**WORK TO BE COMPLETED:** Find the line with "Ceramic Premium Desisgner" and the line with "Elegant Kei Shirogane" in the entries below; output exactly those two lines, every line between them, and no others.

(MATERIAL FOR THE TASK)

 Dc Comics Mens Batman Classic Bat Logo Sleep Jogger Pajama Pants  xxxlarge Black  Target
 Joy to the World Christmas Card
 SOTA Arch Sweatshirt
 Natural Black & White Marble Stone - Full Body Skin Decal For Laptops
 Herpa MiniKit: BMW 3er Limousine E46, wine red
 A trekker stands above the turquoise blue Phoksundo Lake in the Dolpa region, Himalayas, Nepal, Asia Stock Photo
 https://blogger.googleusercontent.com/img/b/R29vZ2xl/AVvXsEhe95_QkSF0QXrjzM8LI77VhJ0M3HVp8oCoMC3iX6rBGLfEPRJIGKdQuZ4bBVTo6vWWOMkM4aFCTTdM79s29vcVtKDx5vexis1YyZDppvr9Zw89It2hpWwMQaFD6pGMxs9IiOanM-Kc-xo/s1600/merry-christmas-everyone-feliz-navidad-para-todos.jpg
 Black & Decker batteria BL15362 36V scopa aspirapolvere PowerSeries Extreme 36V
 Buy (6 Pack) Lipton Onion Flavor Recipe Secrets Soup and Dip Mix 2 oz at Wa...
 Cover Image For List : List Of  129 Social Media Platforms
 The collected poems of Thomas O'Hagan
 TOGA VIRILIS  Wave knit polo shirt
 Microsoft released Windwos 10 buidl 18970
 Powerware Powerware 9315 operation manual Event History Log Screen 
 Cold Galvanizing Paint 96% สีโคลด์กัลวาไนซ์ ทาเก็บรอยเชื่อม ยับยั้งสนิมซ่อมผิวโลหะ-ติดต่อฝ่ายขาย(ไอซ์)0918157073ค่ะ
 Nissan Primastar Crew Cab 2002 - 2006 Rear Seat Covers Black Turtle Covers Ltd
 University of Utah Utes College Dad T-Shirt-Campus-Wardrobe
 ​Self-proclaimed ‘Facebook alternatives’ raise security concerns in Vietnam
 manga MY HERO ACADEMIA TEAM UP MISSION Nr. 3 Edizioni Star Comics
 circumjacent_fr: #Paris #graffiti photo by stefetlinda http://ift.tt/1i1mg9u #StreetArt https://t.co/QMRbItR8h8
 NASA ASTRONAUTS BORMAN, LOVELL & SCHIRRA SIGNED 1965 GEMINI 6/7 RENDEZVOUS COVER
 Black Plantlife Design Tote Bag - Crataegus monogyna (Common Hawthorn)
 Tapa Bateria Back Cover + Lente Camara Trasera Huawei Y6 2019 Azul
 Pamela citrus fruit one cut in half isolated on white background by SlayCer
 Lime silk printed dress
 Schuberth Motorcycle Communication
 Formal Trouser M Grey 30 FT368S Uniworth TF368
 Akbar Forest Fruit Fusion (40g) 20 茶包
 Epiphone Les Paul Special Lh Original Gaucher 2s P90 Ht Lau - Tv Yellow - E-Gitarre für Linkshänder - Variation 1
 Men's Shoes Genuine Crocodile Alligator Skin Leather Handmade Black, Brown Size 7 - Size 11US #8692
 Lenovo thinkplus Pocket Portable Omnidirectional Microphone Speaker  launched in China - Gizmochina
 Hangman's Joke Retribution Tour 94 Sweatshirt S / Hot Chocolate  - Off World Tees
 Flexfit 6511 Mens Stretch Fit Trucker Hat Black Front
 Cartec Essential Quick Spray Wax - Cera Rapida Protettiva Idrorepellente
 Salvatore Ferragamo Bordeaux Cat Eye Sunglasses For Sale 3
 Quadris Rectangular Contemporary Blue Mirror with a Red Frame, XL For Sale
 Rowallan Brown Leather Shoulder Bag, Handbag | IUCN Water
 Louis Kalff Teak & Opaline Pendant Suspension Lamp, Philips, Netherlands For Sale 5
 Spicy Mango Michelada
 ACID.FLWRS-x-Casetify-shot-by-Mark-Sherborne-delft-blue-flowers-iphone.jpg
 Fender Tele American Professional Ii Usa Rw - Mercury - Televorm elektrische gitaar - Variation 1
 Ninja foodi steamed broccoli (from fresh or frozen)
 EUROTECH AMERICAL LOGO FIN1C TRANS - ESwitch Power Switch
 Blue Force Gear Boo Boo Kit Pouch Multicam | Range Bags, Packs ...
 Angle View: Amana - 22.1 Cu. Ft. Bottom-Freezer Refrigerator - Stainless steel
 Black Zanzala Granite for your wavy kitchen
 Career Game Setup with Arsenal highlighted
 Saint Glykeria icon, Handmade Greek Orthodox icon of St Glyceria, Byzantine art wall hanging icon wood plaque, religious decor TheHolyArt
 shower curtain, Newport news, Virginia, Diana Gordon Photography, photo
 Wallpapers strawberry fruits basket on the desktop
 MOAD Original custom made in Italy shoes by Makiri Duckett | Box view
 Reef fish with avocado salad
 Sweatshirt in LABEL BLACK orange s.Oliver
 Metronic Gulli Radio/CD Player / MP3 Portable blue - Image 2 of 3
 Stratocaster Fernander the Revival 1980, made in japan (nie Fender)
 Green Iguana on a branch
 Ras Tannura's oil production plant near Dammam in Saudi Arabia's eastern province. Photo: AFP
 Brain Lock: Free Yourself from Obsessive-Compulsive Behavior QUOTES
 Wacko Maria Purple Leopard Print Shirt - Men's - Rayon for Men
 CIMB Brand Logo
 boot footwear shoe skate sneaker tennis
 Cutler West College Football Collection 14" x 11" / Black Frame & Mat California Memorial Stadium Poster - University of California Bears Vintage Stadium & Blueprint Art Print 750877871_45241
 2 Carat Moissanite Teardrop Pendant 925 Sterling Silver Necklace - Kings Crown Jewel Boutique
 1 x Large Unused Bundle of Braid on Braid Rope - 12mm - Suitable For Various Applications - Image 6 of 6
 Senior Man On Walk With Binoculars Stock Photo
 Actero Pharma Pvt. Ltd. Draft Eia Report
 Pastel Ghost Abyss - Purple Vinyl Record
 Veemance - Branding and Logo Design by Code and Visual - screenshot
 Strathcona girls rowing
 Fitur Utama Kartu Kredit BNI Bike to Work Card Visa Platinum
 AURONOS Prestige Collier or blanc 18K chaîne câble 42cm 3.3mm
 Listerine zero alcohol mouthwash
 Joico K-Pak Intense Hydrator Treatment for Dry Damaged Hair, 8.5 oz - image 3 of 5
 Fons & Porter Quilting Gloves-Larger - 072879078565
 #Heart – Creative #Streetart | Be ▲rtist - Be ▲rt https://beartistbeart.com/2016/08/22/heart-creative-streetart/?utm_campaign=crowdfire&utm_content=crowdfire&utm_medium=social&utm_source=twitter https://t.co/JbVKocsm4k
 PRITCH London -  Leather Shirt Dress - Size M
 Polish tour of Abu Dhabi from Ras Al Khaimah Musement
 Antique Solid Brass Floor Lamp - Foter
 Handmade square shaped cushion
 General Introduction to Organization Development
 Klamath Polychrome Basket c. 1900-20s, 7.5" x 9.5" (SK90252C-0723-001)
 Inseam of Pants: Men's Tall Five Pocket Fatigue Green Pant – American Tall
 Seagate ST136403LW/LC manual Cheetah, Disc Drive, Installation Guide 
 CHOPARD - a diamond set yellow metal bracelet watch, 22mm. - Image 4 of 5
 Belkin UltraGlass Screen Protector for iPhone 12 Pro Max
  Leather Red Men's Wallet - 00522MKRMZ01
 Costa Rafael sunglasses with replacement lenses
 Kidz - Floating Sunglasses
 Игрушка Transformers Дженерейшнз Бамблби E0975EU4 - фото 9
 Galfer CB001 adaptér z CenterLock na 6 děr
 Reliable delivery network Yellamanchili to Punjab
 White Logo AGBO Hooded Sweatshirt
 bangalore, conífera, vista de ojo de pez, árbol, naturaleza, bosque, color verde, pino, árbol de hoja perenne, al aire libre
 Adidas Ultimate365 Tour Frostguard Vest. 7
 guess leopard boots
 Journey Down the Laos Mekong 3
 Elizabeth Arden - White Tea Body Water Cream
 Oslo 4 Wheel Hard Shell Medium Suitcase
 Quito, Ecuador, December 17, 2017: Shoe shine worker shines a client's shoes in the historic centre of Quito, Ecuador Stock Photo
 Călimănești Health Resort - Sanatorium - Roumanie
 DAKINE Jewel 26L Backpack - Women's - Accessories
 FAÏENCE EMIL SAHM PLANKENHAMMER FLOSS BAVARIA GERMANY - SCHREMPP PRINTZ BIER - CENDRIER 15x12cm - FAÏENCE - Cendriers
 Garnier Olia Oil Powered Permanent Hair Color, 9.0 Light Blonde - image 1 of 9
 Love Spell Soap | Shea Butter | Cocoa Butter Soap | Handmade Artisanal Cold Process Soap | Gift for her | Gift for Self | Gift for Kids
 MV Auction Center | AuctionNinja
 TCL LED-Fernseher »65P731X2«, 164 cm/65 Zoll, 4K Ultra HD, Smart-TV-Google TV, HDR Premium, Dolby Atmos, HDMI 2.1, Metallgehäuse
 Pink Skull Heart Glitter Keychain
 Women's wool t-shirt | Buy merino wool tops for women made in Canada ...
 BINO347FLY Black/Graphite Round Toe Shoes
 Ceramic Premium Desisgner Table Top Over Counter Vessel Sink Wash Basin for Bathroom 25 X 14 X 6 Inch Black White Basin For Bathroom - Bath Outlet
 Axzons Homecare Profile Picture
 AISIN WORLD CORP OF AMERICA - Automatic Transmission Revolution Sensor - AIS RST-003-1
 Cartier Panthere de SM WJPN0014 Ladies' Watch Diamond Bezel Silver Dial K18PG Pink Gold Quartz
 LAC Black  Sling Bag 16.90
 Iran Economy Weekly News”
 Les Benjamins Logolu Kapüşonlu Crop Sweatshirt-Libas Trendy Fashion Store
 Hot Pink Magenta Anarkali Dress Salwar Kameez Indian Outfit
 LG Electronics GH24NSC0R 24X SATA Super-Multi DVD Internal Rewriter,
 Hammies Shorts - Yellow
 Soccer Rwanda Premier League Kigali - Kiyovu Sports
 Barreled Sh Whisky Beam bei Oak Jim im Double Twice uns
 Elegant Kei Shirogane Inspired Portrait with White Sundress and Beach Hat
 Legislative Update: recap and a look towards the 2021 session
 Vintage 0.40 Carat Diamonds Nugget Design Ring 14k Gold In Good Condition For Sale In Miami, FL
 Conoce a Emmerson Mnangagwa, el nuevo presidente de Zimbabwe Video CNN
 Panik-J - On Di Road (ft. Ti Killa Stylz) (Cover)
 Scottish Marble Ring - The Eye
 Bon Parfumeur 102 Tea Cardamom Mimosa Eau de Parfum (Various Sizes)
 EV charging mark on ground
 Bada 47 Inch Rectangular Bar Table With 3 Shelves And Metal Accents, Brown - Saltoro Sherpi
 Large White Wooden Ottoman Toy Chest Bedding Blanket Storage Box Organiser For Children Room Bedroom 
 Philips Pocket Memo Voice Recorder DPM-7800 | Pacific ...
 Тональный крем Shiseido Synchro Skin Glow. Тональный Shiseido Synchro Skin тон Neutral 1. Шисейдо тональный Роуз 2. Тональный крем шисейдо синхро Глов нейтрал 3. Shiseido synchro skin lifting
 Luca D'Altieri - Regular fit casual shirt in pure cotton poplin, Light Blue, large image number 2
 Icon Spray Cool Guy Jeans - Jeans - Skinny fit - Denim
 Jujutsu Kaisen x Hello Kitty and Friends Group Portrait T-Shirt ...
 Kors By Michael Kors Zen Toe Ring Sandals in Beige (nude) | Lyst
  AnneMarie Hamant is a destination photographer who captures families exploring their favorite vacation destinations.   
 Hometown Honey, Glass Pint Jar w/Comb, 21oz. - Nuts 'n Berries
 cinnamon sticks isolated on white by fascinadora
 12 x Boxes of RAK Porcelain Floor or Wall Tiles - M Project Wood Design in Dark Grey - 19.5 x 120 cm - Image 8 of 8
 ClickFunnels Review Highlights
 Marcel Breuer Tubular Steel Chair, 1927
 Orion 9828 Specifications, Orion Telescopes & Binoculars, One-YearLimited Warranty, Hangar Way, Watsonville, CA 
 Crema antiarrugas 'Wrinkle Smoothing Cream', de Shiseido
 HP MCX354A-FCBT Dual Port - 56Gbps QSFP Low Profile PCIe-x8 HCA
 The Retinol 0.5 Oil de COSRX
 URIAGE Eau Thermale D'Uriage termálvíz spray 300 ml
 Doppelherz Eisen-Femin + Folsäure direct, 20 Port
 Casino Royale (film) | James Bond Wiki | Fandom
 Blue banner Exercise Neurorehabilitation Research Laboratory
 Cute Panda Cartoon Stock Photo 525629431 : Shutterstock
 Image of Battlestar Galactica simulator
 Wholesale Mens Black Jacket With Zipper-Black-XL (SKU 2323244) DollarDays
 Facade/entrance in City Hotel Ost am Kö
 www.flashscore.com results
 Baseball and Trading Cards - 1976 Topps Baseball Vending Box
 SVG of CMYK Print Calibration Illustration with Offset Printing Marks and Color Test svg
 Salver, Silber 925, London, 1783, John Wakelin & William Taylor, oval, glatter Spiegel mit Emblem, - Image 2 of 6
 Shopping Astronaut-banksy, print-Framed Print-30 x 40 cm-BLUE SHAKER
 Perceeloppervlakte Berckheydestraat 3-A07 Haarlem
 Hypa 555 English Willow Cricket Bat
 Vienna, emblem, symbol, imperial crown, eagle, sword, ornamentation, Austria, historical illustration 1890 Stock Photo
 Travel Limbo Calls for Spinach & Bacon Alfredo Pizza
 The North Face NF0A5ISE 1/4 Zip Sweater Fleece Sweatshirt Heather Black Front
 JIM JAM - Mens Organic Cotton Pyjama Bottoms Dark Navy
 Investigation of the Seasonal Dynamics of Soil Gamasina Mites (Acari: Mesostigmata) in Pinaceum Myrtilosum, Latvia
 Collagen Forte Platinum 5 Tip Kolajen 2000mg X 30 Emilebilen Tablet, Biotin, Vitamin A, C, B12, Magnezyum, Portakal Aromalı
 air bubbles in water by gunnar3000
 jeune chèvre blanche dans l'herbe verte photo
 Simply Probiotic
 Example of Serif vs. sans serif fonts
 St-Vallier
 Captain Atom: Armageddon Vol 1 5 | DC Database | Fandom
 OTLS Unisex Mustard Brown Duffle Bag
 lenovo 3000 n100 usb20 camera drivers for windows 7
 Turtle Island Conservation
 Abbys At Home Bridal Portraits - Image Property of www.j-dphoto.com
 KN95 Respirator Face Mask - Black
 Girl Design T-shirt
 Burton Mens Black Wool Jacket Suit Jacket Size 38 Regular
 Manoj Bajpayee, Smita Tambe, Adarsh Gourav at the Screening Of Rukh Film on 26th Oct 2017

(End MATERIAL FOR THE TASK)

**RESPONSE TO THE EXERCISE:**
 Ceramic Premium Desisgner Table Top Over Counter Vessel Sink Wash Basin for Bathroom 25 X 14 X 6 Inch Black White Basin For Bathroom - Bath Outlet
 Axzons Homecare Profile Picture
 AISIN WORLD CORP OF AMERICA - Automatic Transmission Revolution Sensor - AIS RST-003-1
 Cartier Panthere de SM WJPN0014 Ladies' Watch Diamond Bezel Silver Dial K18PG Pink Gold Quartz
 LAC Black  Sling Bag 16.90
 Iran Economy Weekly News”
 Les Benjamins Logolu Kapüşonlu Crop Sweatshirt-Libas Trendy Fashion Store
 Hot Pink Magenta Anarkali Dress Salwar Kameez Indian Outfit
 LG Electronics GH24NSC0R 24X SATA Super-Multi DVD Internal Rewriter,
 Hammies Shorts - Yellow
 Soccer Rwanda Premier League Kigali - Kiyovu Sports
 Barreled Sh Whisky Beam bei Oak Jim im Double Twice uns
 Elegant Kei Shirogane Inspired Portrait with White Sundress and Beach Hat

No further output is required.